Top of INPUT DATA
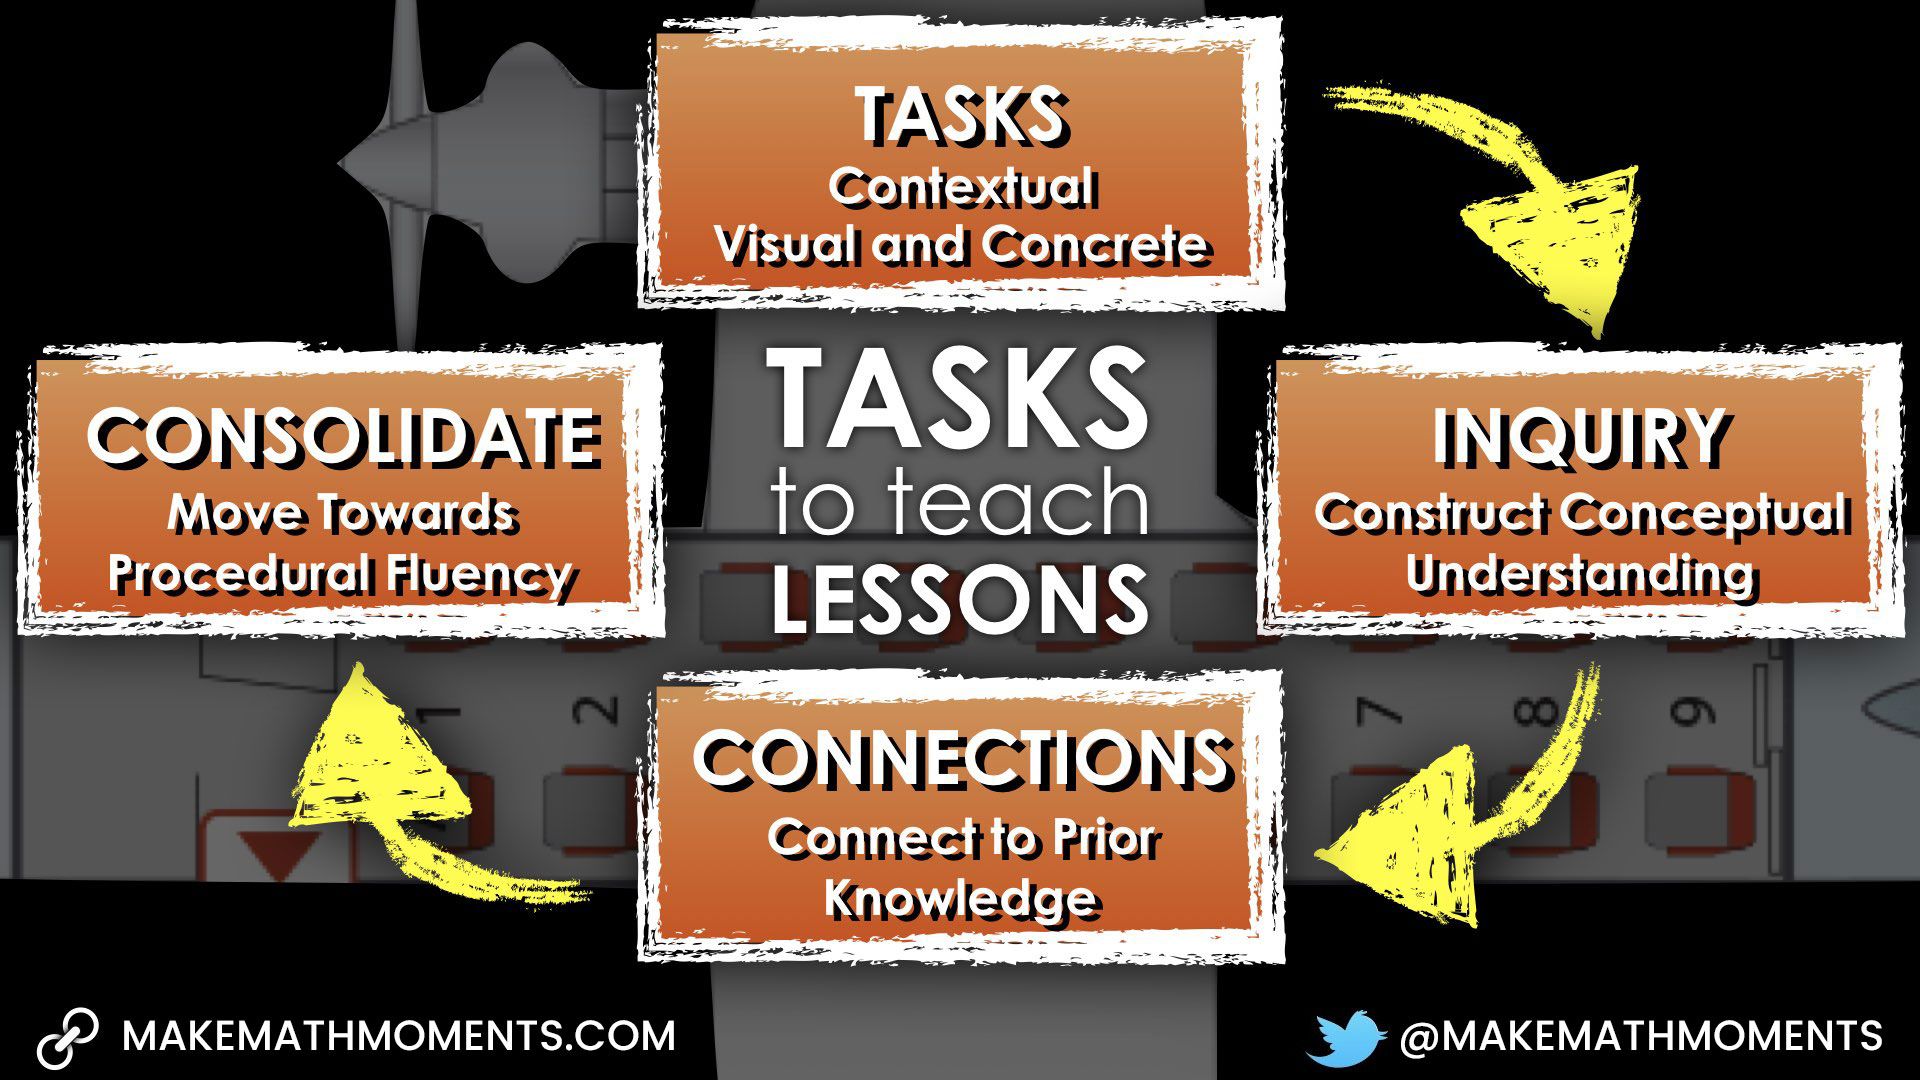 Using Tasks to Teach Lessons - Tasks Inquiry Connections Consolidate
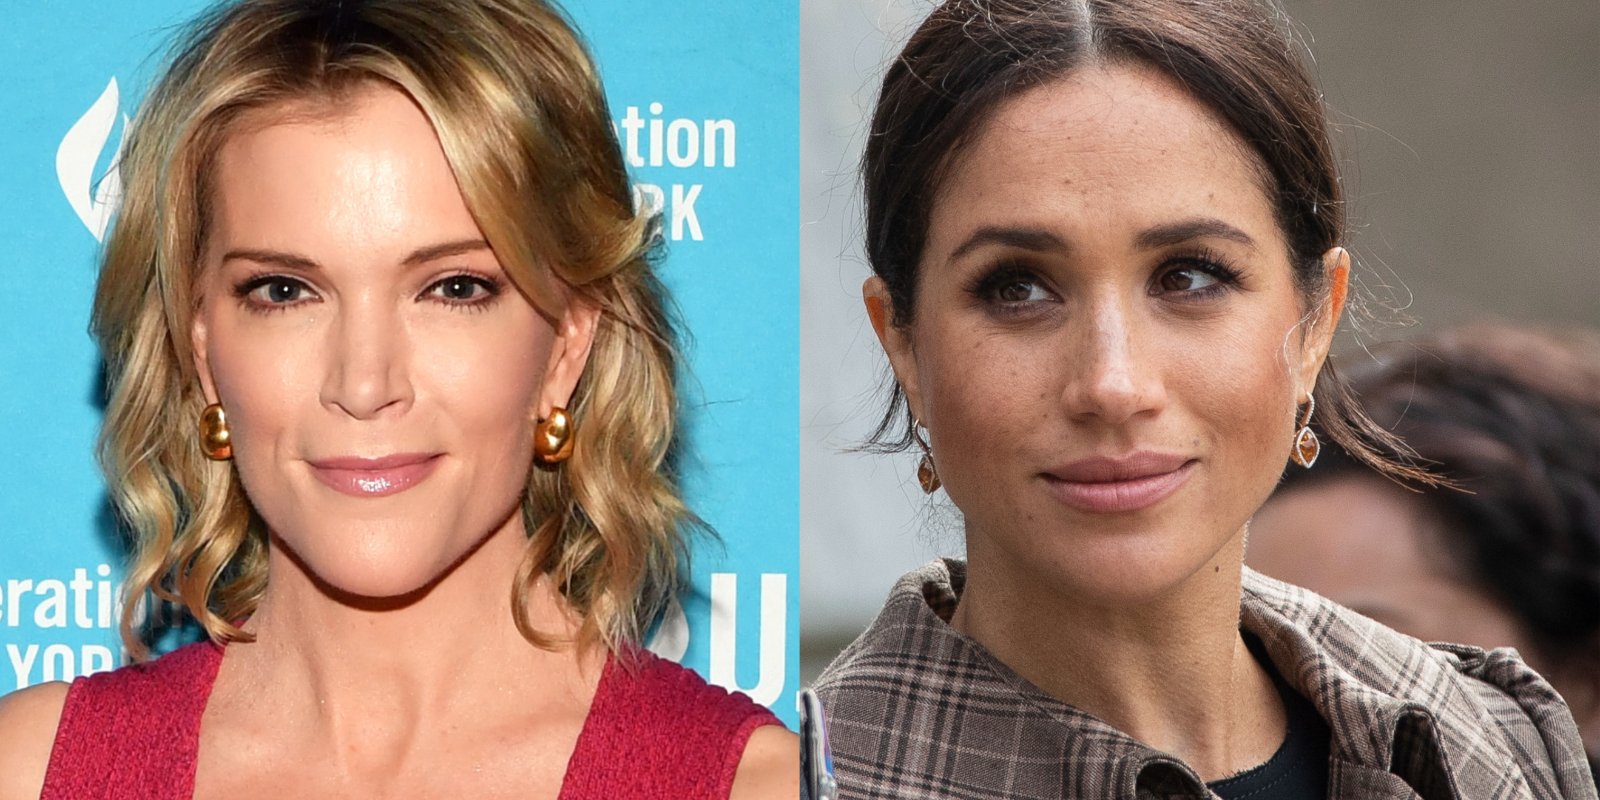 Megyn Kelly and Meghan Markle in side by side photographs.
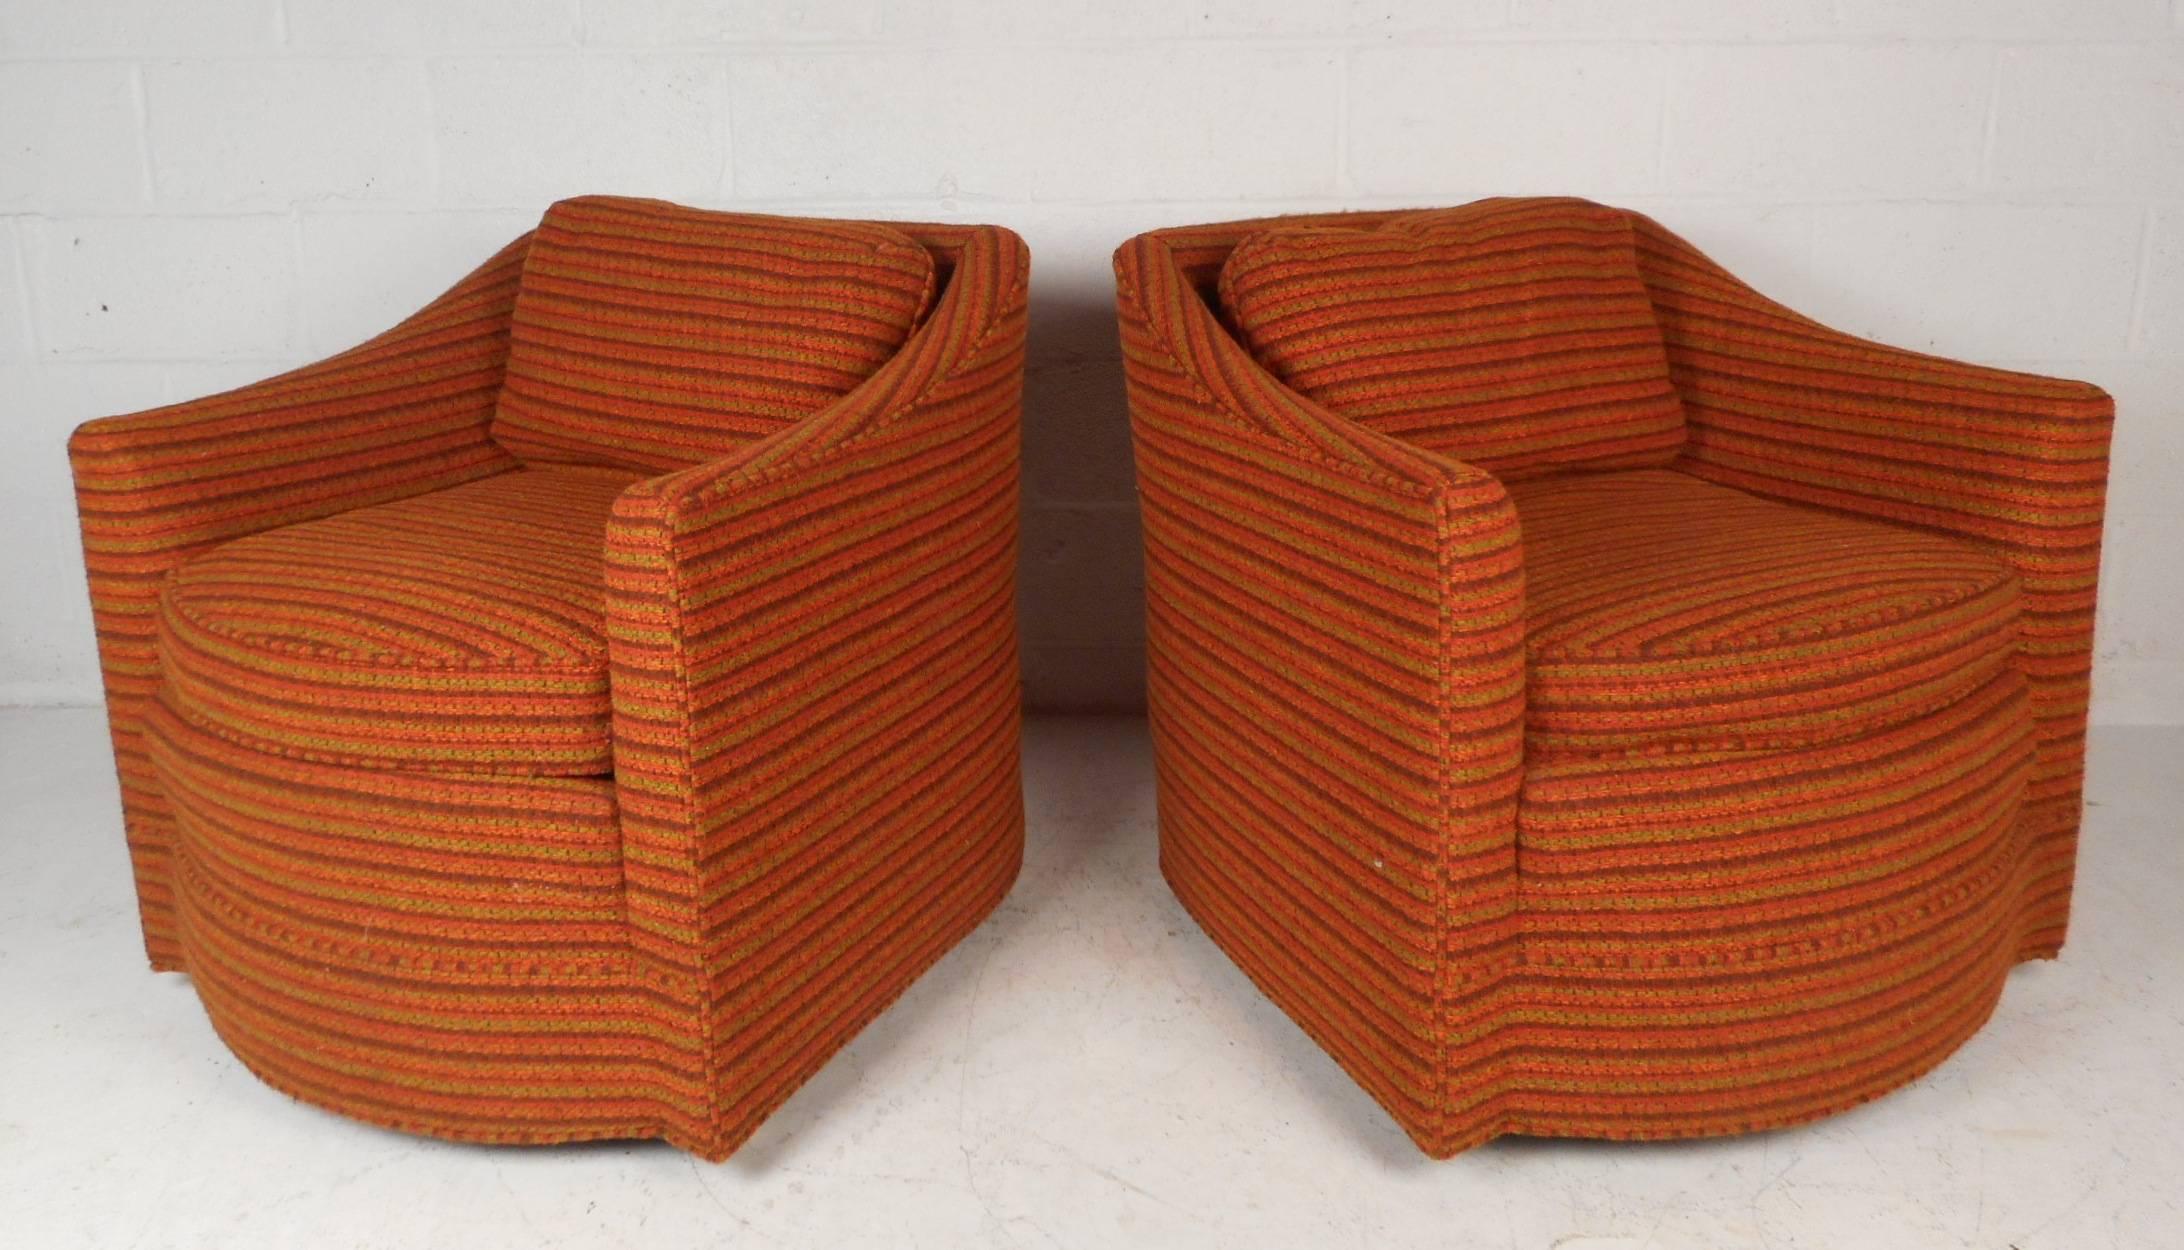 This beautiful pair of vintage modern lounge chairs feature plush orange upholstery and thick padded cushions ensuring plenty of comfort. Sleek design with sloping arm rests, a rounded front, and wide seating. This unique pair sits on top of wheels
Bottom of INPUT DATA
TO DO:
Your task is to set down each line above verbatim while excluding the pictures.

ANSWER BOX:
 Using Tasks to Teach Lessons - Tasks Inquiry Connections Consolidate
 Megyn Kelly and Meghan Markle in side by side photographs.
 This beautiful pair of vintage modern lounge chairs feature plush orange upholstery and thick padded cushions ensuring plenty of comfort. Sleek design with sloping arm rests, a rounded front, and wide seating. This unique pair sits on top of wheels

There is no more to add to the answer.